Gesellt sich ein Krampfanfall – ev. mit nachfolgender Atempause und Koma – zu einer Präeklampsie, spricht man von einer Eklampsie. Das ist auch für das Kind gefährlich, weil dadurch eine vorzeitige Plazentalösung und damit ein Sauerstoffmangel ausgelöst werden kann. Ein bedrohliches Ereignis, das – nach Stabilisierung des Zustandes – eine ehebaldige Entbindung erfordert (meist per Kaiserschnitt). Die Gabe von Magnesiumsulfat bei einer schweren Präeklampsie kann einer Eklampsie vorbeugen.

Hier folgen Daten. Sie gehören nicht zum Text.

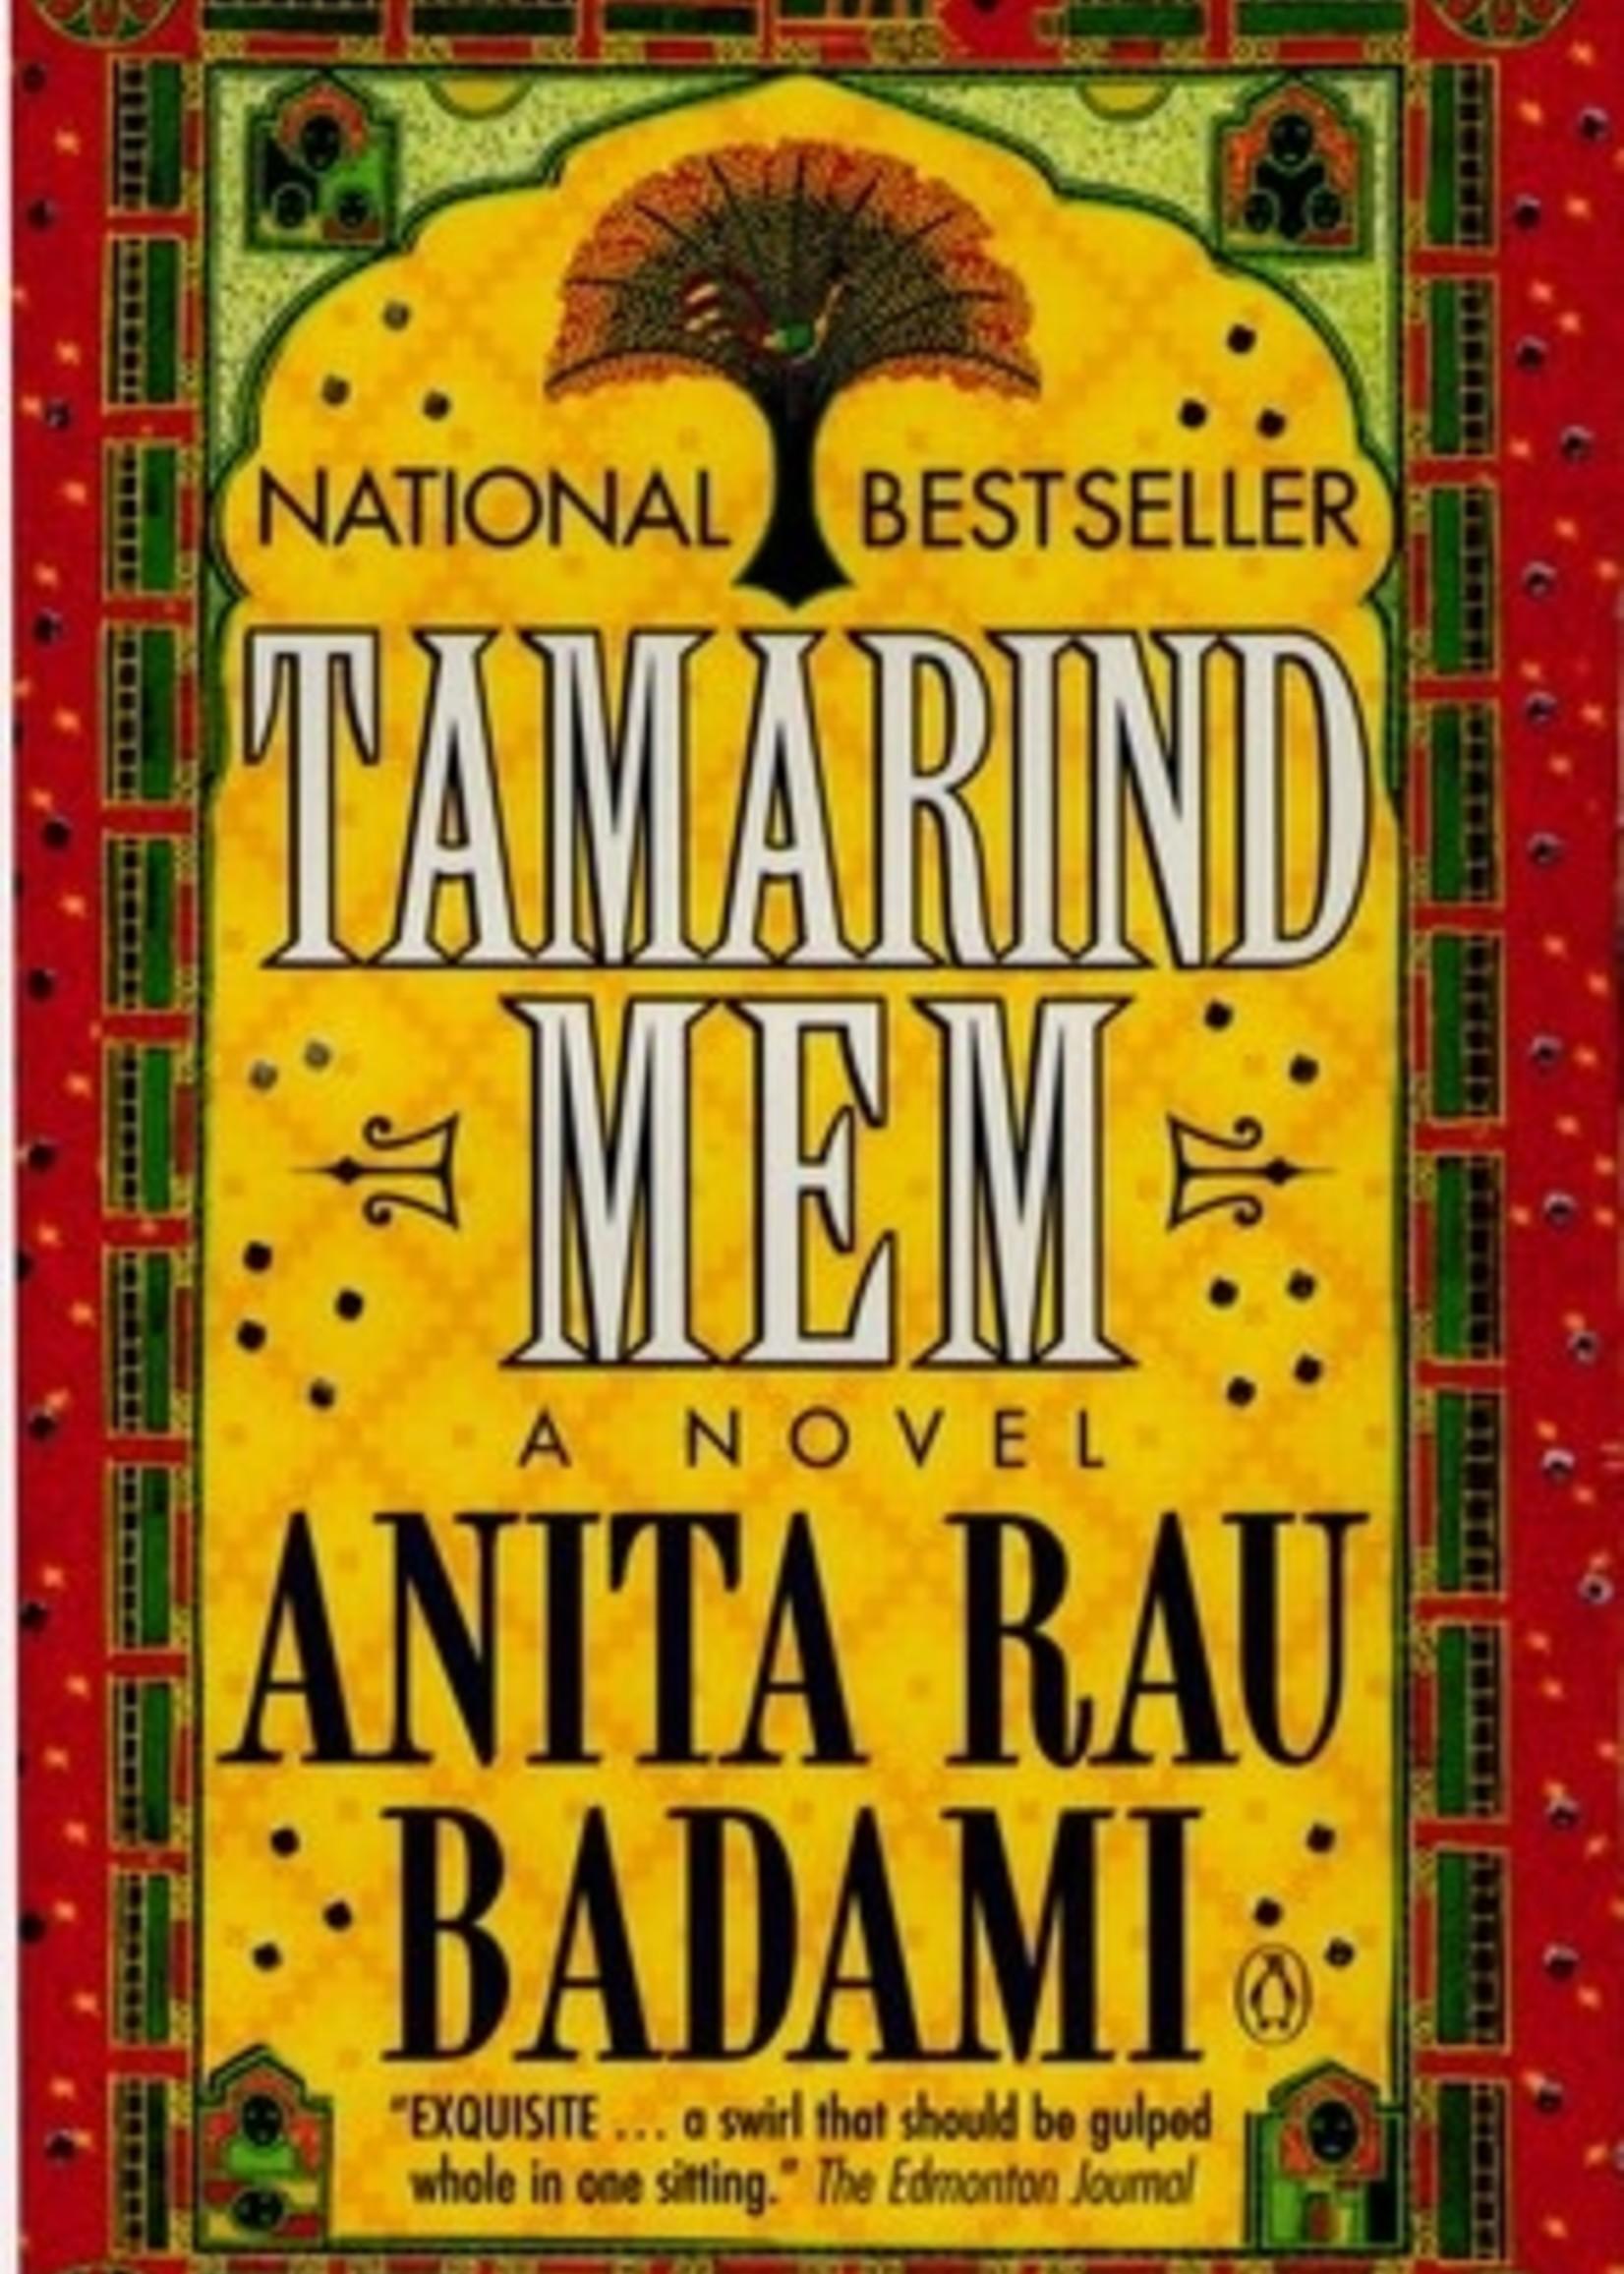 USED - Tamarind Mem by Anita Rau Badami

Eine lebensgefährliche, u.U. hochakut verlaufende, aber nicht immer leicht zu erkennende Variante der Präeklampsie ist das HELLP-Syndrom. Hierbei steht H für haemolysis (Hämolyse, Abbau roter Blutkörperchen), E und L für elevated liver enzymes (erhöhte Leberwerte), L und P für low plates (verminderte Thrombozytenzahl). Weitere damit verbundene Symptome sind Bauchschmerzen auf der rechten Seite und Übelkeit, aber ebenso ein arges Krankheitsgefühl, Augenflimmern, Doppelbilder und Lichtempfindlichkeit. Auch hier ist eine Beendigung der Schwangerschaft Mittel der Wahl.

Da eine Präeklampsie Gesundheit und Leben von Mutter (z.B. Gehirnblutung, Arterienverschluss, Leberruptur, Nierenversagen) und Kind (erhöhte Rate an Früh- und Totgeburten) bedroht, beinhalten die im Mutter-Kind-Pass vorgeschriebenen Untersuchungen Blutdruck- und Blutbildkontrollen sowie Harntests, um bei Entwicklung der Erkrankung rechtzeitig therapeutische Schritte setzen zu können. Aufschluss über Vorzeichen einer Präeklampsie gibt auch ein Doppler-Ultraschall der Gebärmutterarterien, die vor Auftreten der Krankheit eine Erhöhung des Widerstands bei Messung der Blutflussgeschwindigkeit zeigen. Eine möglichst frühe Verabreichung niedriger Dosen von Acetylsalicylsäure (ASS) kann das Risiko einer Präeklampsie verringern.